# [Directions for this task]
From the very first line of the data to the line containing "Tête humaine crâne", retype everything exactly, leaving the pictures behind.

# [Provided material]
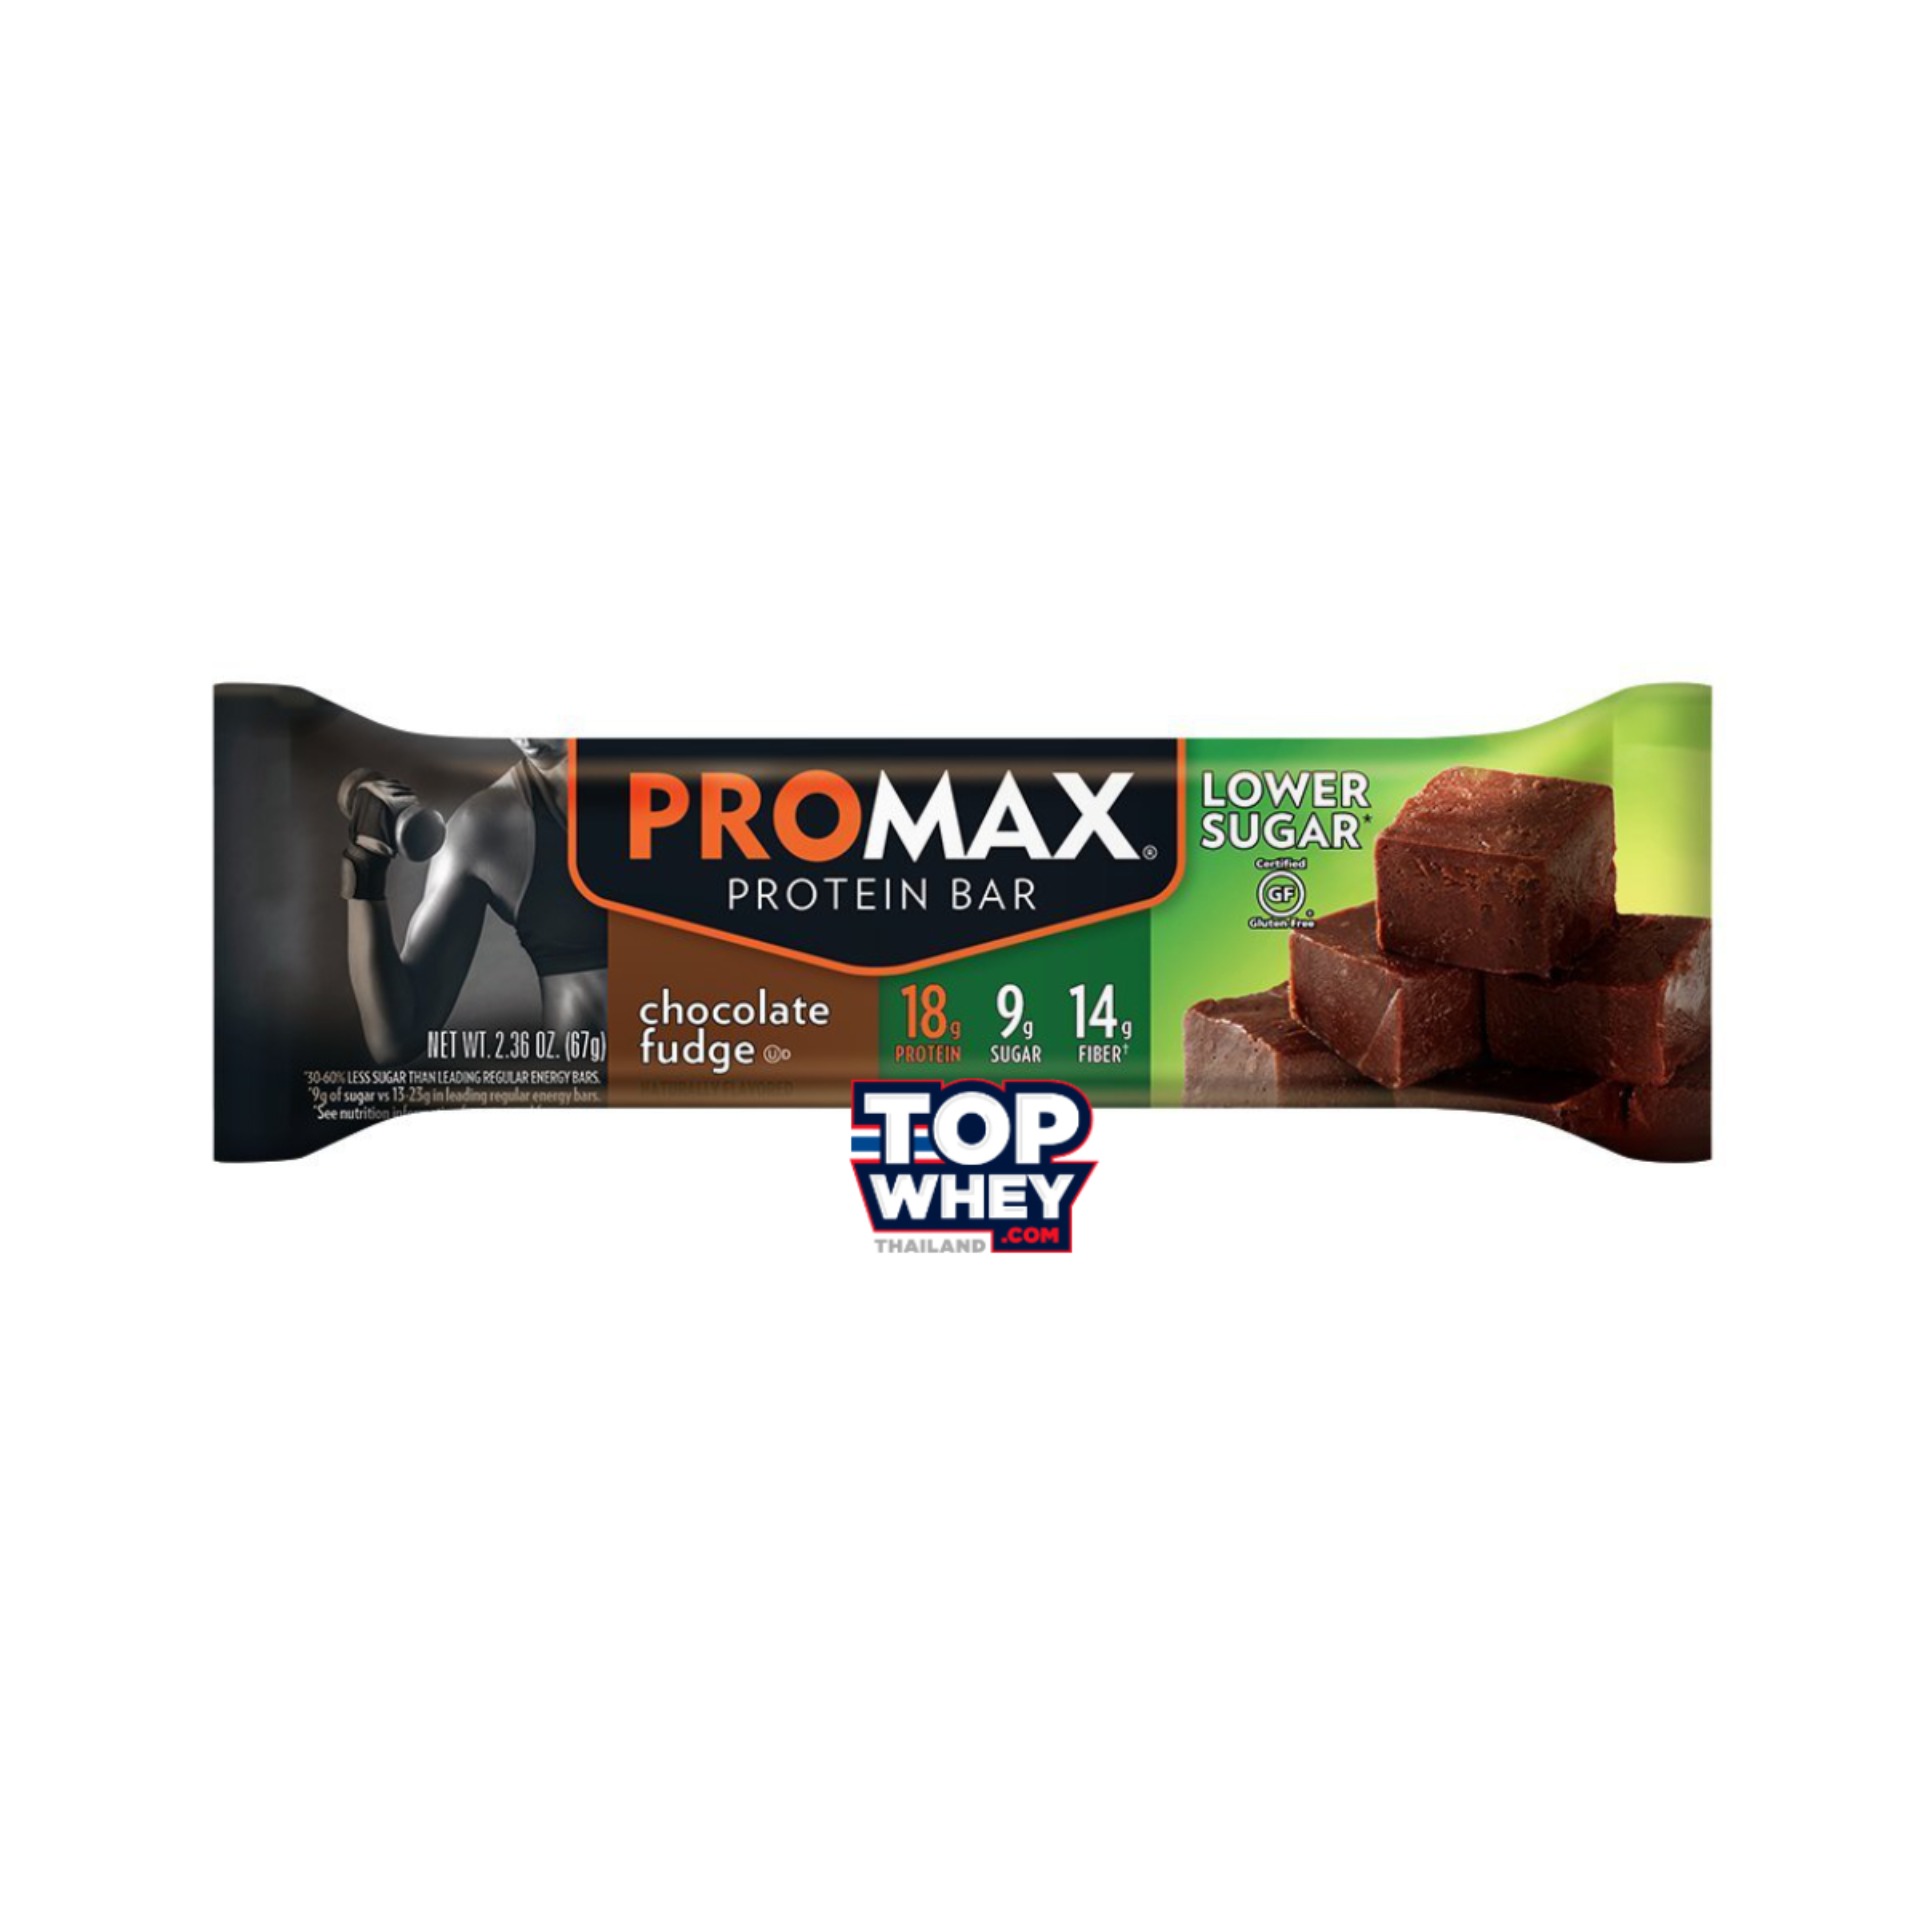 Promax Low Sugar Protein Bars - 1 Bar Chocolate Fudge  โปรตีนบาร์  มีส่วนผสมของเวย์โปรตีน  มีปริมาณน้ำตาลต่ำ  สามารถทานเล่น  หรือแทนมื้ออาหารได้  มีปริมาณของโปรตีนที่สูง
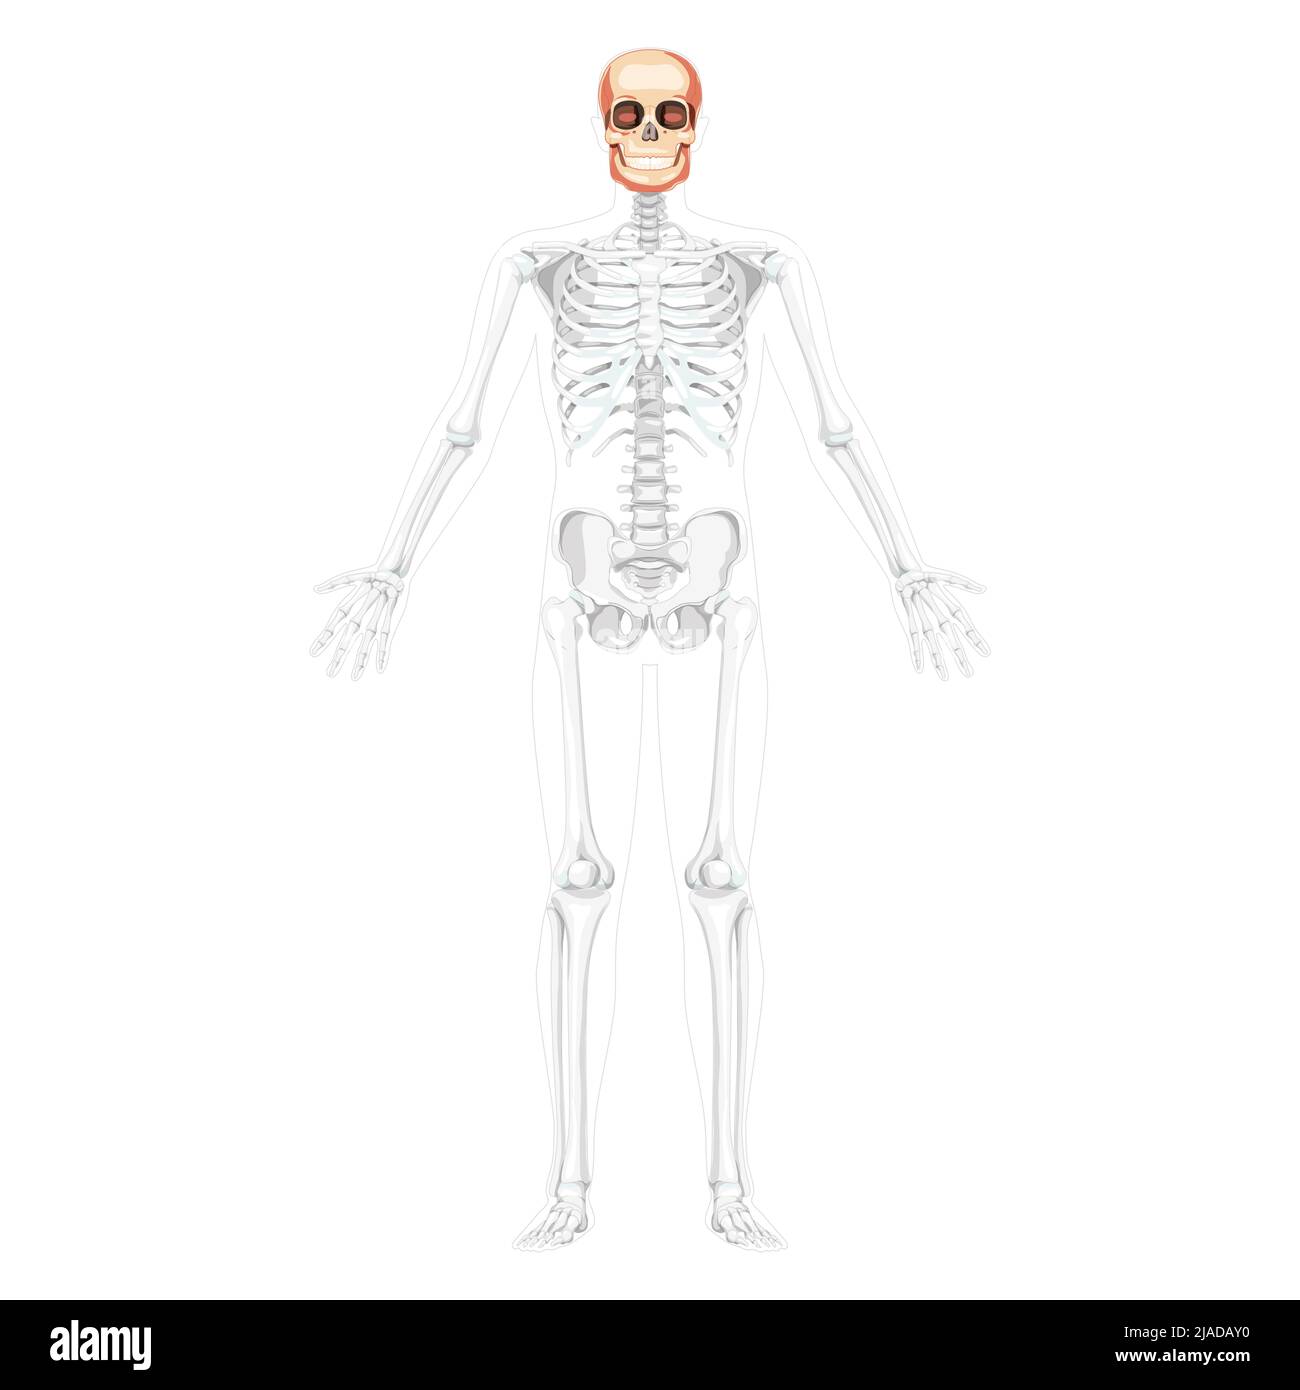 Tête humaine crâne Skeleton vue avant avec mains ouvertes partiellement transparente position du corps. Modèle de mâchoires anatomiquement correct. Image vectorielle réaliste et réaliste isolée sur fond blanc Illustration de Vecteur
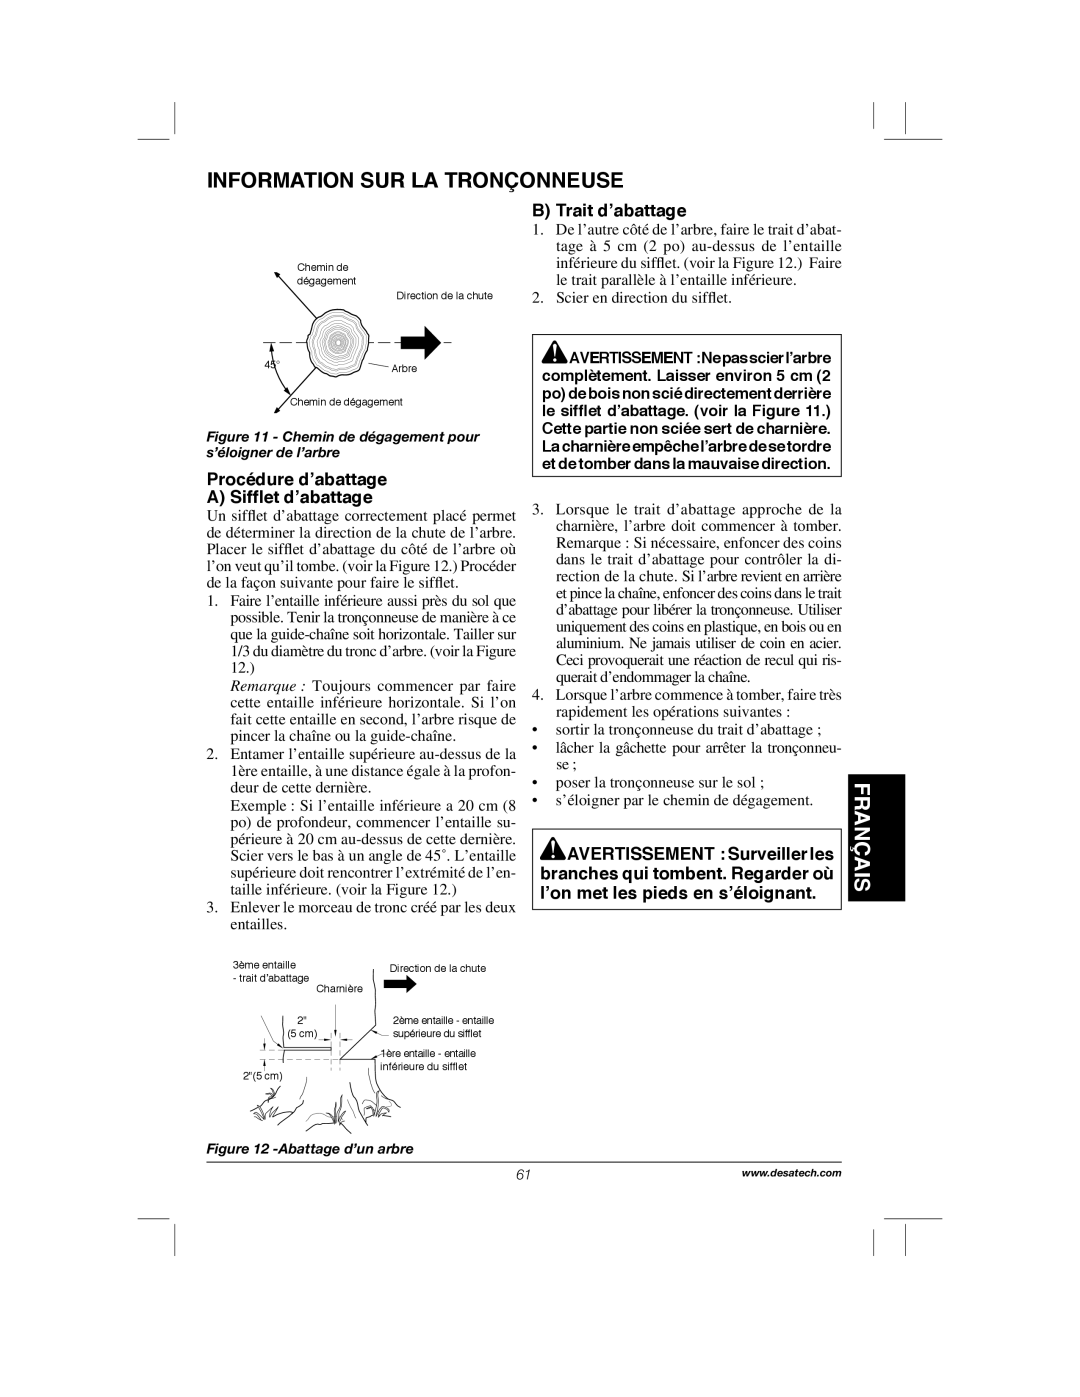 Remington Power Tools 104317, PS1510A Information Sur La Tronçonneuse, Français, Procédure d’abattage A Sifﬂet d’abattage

# [Answer box]
 Promax Low Sugar Protein Bars - 1 Bar Chocolate Fudge  โปรตีนบาร์  มีส่วนผสมของเวย์โปรตีน  มีปริมาณน้ำตาลต่ำ  สามารถทานเล่น  หรือแทนมื้ออาหารได้  มีปริมาณของโปรตีนที่สูง
 Tête humaine crâne Skeleton vue avant avec mains ouvertes partiellement transparente position du corps. Modèle de mâchoires anatomiquement correct. Image vectorielle réaliste et réaliste isolée sur fond blanc Illustration de Vecteur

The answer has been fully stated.